Après un autre titre de saison régulière, la Victoire de Montréal complète sa préparation avant de s’attaquer aux séries de la LPHF.
Et dans sa quête d’une première Coupe Walter, la Victoire est devant un grand défi : celui d’affronter l’équipe double championne en titre, le Frost du Minnesota.
Est-ce enfin l’année de la victoire?
Un élément encourageant à l’aube de ce troisième parcours éliminatoire dans l’histoire de l’équipe, c’est sans doute la présence de Marie-Philip Poulin.
Parce que si les derniers mois de Poulin n’ont pas été faciles, le prochain pourrait être nettement plus positif.
Après avoir regardé les succès de ses coéquipières dans les gradins ou à la maison pendant dix rencontres, Capitaine Clutch est revenue au jeu juste à temps pour disputer le dernier match de la saison, samedi dernier, à Seattle.
« Depuis les Jeux olympiques aussi, disons que ça n’a pas été facile mentalement et physiquement. Je pense que ça fait partie de la vie d’athlète, de savoir comment se remonter les manches et comment aller au travail. Quand tu es à l’écart et que tu ne peux pas revenir, je pense que de voir les filles avoir autant de succès, j’étais vraiment fière de faire partie de la Victoire », a confié Poulin aux médias.

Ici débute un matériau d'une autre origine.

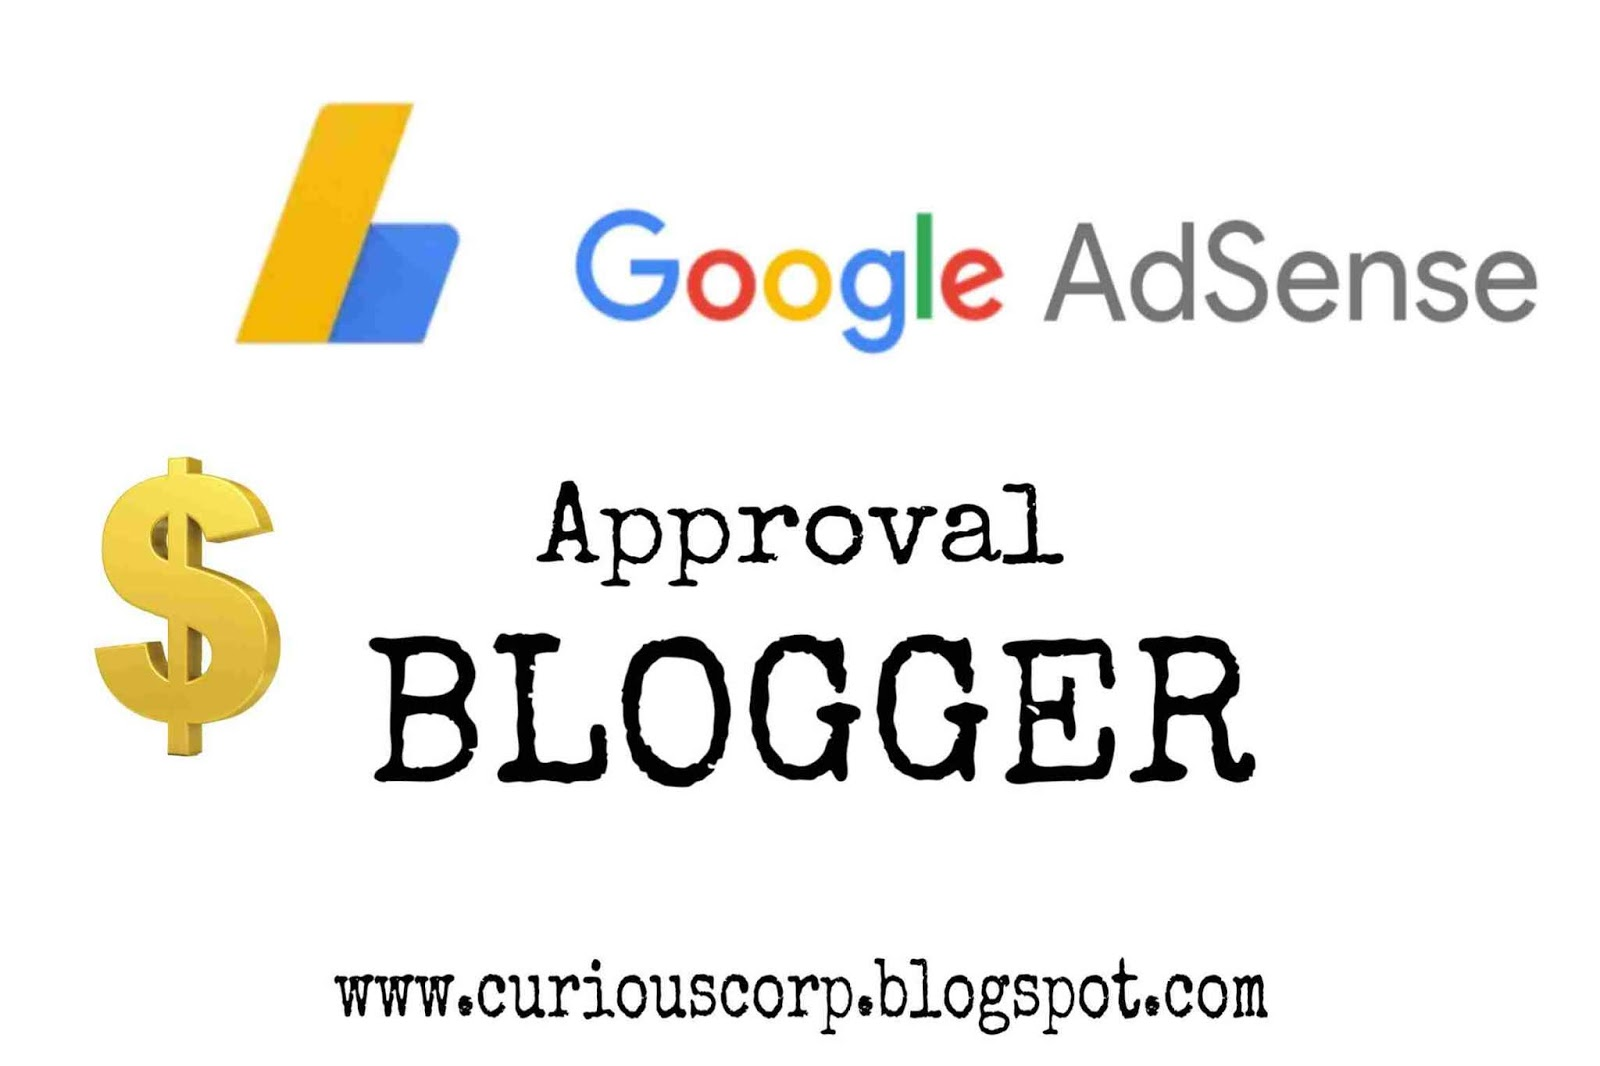 Adsense approval blogger blogspot

Cette fierté, la Victoire compte la transposer dès la demi-finale des séries, contre le Frost, qui compte peut-être sur la meilleure attaque du circuit.

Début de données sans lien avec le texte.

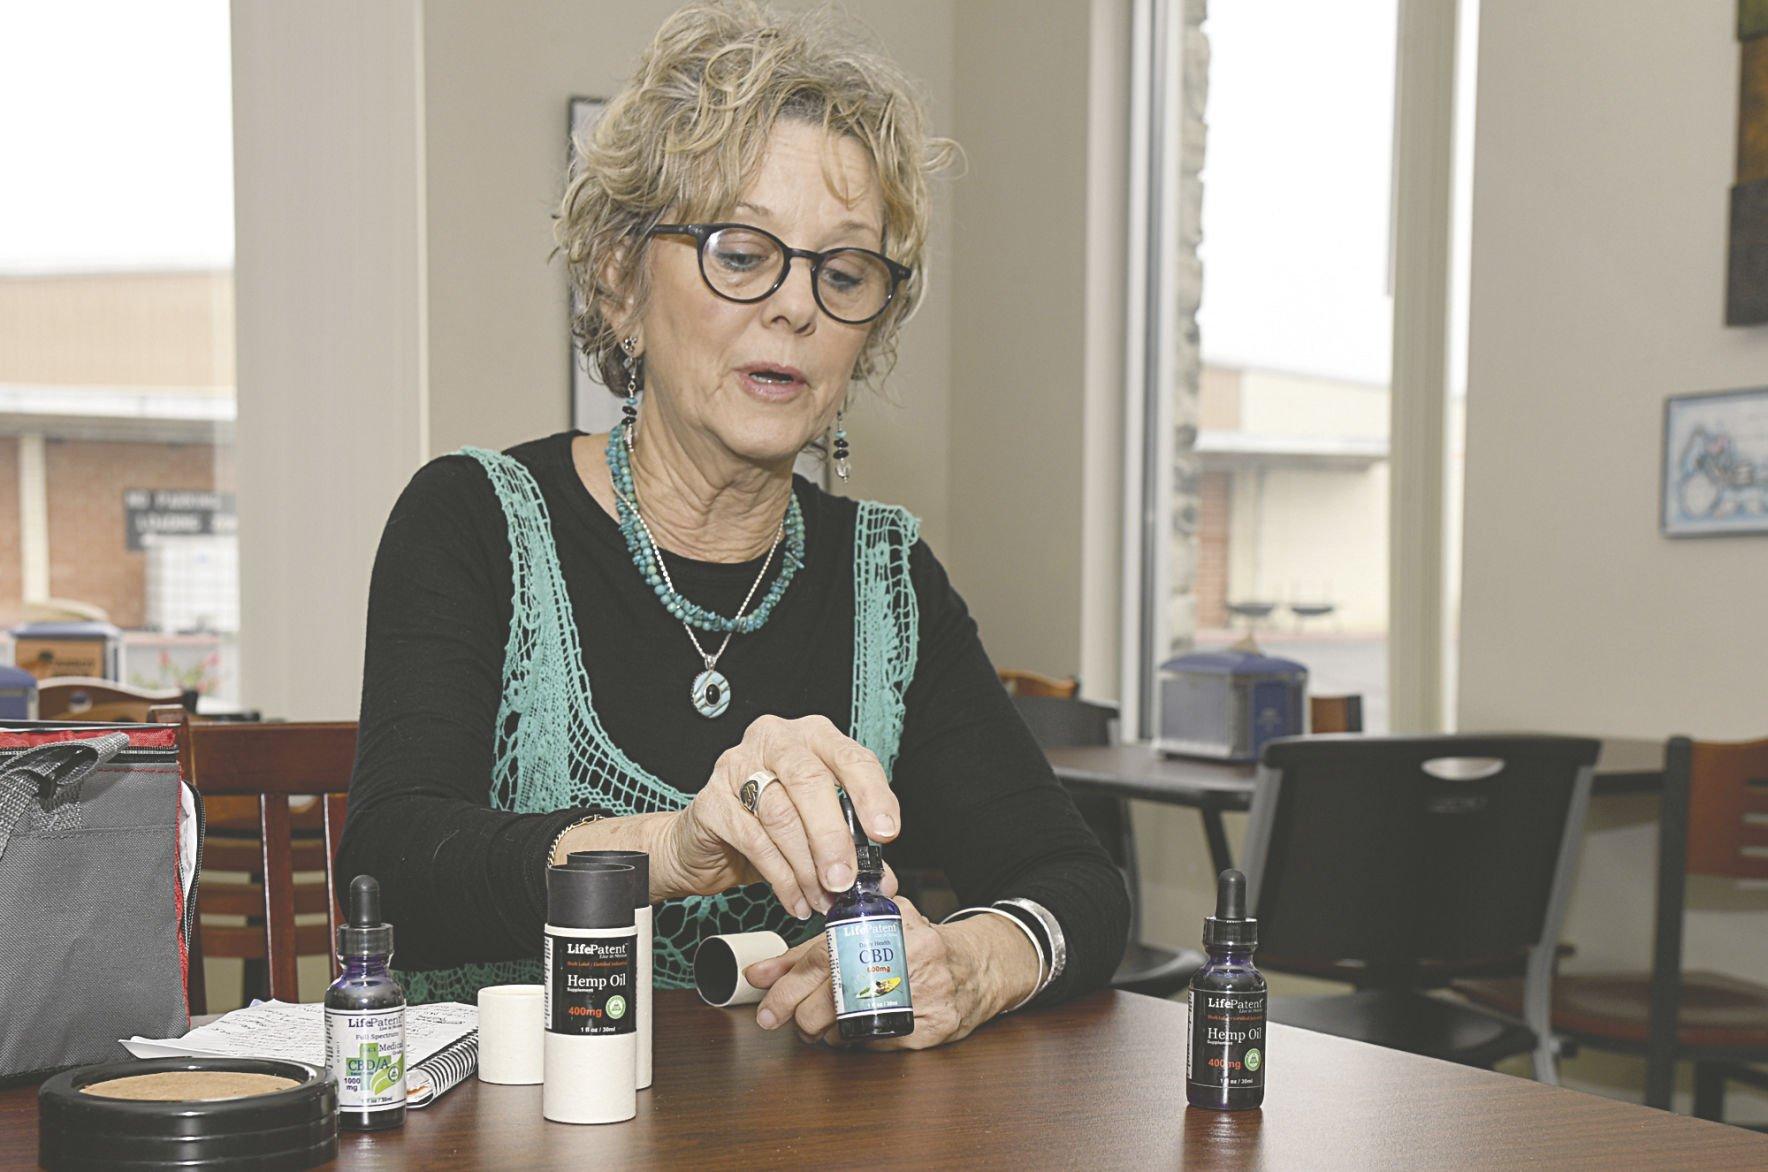 cbd oil indiana drug test

Cette puissante attaque, qui a marqué 91 buts en 30 matchs, a été complètement réduite au silence avec seulement trois buts en quatre matchs contre Montréal et Ann-Renée Desbiens cette saison.

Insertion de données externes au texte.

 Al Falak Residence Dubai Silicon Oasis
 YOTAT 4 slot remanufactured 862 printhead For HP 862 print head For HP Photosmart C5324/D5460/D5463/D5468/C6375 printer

« Elles aiment prendre l’espace, puis foncer au filet. Il faudra jouer de façon physique pour les empêcher d’imposer leur style, ce qui devrait les frustrer », a expliqué Hayley Scamurra.
Au niveau de l’expérience, il est vrai le Frost a remporté les grands honneurs à deux reprises en deux saisons.
Il ne faut toutefois pas oublier que Montréal a fait l’acquisition pendant l’entre-saison de plusieurs joueuses qui ont de l’expérience en séries, dont Maggie Flaherty… qui a justement deux bagues de la Coupe Walter.
« Nous avons énormément d’expérience et pas seulement en LPHF. Nous avons tous joué de gros matchs. Nous savons rester calmes. Nous avons un groupe mature », s’est réjouie Flaherty.
C’est donc avec de l’expérience, de la profondeur et une gardienne au sommet de sa forme que Montréal voudra à son tour, lever le précieux trophée cette année.
« C’est en-haut de la liste c’est sûr, a dit Poulin. Les deux dernières années, on a terminé au sommet du classement, mais on ne traversait pas la première ronde. On est affamées. »
« Nous avons tellement travaillé fort cette saison. On a mis sur la glace un excellent produit, a ajouté Kori Cheverie. Avec les détails, un bon jeu défensif et notre profondeur, j’ai hâte de voir ce qu’on va accomplir. »
Les Montréalaises tenteront d’amorcer la série du bon pied dès samedi, 14h, devant leurs partisans, à la Place Bell.
Il faut dire qu’elles ont connu des succès records dans cet amphithéâtre cette saison comme le démontre leur fiche de 11 victoires et une seule défaite en prolongation.